When the asymptomatic rate is high, it’s hard to determine if the vaccine is truly works, and to what degree. If 40% of people are asymptomatic then that would theoretically mean that 40% of challenge trial participants won’t show symptoms. Does that mean the vaccine is working? Who knows. It could be working, it may also not work.

The only way to do it and get real results is to use a challenge trial only on the elderly population where the asymptomatic rate is low and where the symptoms are exaggerated. This would mean though that if the vaccine didn’t work you would overwhelm the hospital system with a lot of sick elderly people who require the most care, when the healthcare system is already overwhelmed.

What doesn't work about it?

Being ethical and getting results are not the same thing.

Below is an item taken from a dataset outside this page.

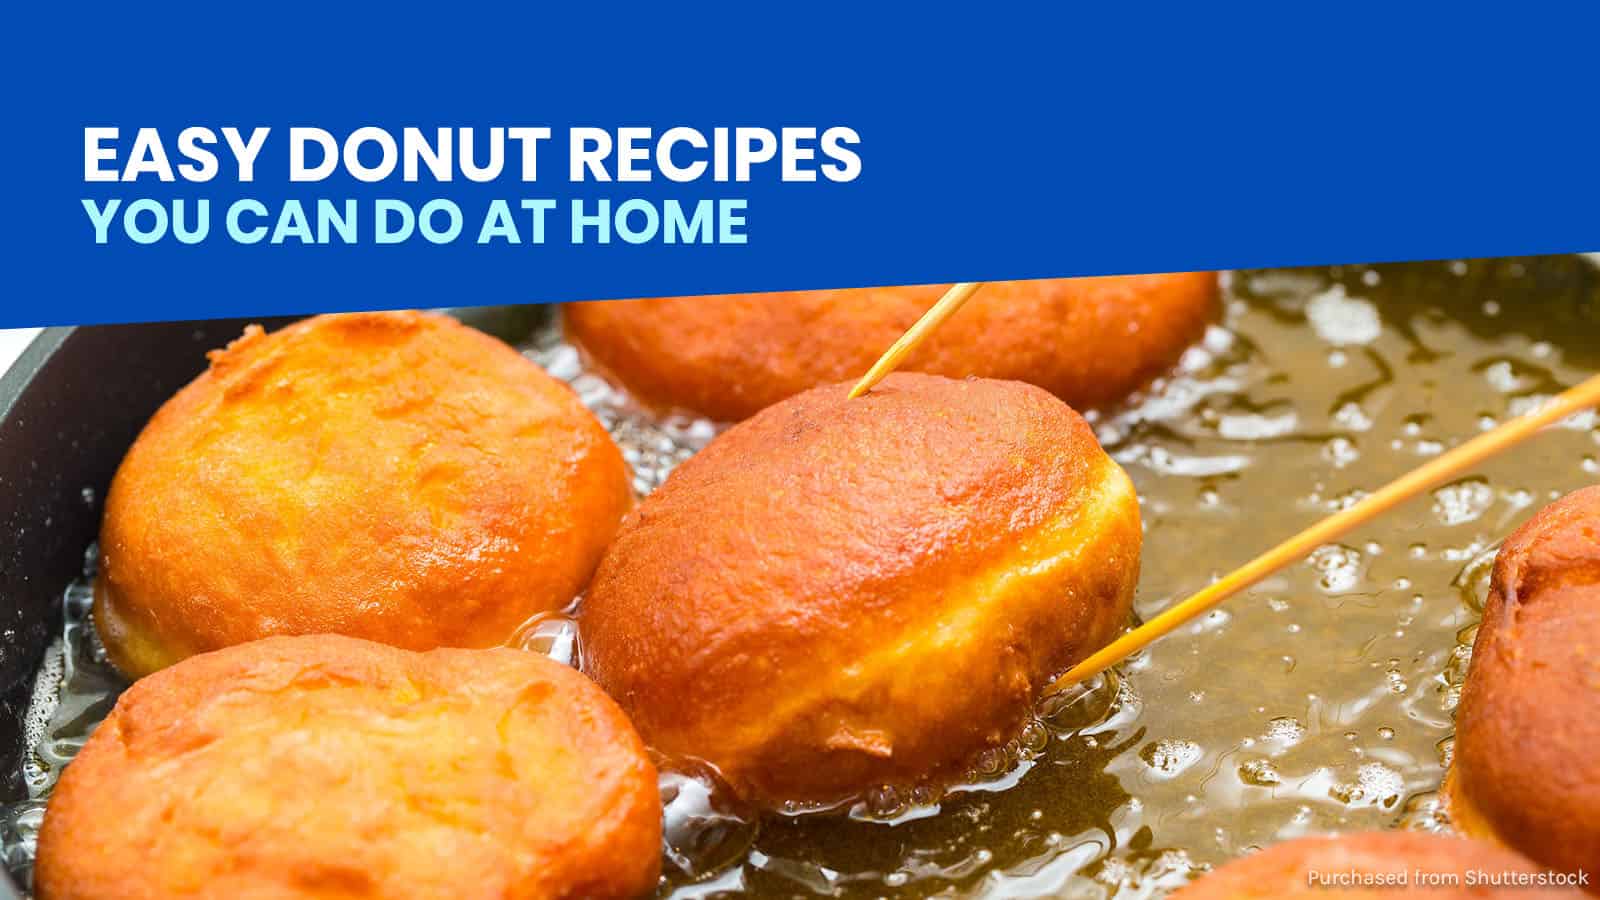 7 Easy DONUT RECIPES You can Try at Home

Being ethical and being “ethical” according to professional expert ethicists is also not the same thing. If I learned anything this year, it’s that opinion of professional experts at ethics should not be considered when deciding who gets last piece of cake, much less in life and death scenarios.
Citation needed for that 15% number. Even if it’s true, it absolutely isn’t true for all age groups. Give to 20-29 year volunteers. There were hundreds of thousands who volunteered.
What our (Lithuania) officials say is that about 5% of the cases are hospitalized. We are close to the top by the number of new infections per 100000 pop.
Are challenge trials for dearly diseases even legal?
I'm not an expert, but my understanding is that the error bars on efficacy for the single dose are quite large, just because of how the studies are conducted. Moderna's lower bound was below 70% with a single dose, and Pfizer's is below 30%. That's not to say that a single does is definitely not effective, just that there's a lot more uncertainty, and so the bounds are much looser. We also don't know whether giving a second dose a few months later rather than a few weeks later would work as well.

Depending on supply forecasts, it might be worth running a new trial to get a better handle on the efficacy of a single dose, but going that route now would definitely be a gamble. Especially since we're formulating this single dose hypothesis after having run the experiment and seen the results, which is always a dangerous approach.

Still, the data do seem to suggest that it's very plausible that a single dose would be sufficient. If things get bad enough, or supply is low enough, maybe that's a gamble worth taking.

One thing to consider is that vaccine production is going to scale up in time; since the second dose is a month after the first, giving two doses instead of one will not mean that half the number of people will be vaccinated. Assuming, for the sake of the argument, that vaccine production doubles every month, at any given point after the first month the amount of people that have received at least one does will be a bout 2/3rds of the single dose protocol.
Noone has tested single-dose.

In this case it may sound like too much nitpicking, but the general principle is that you don't roll out something you haven't tested in a trial. In general this is a good principle. I hope they'll do trials comparing single to double-dose soon.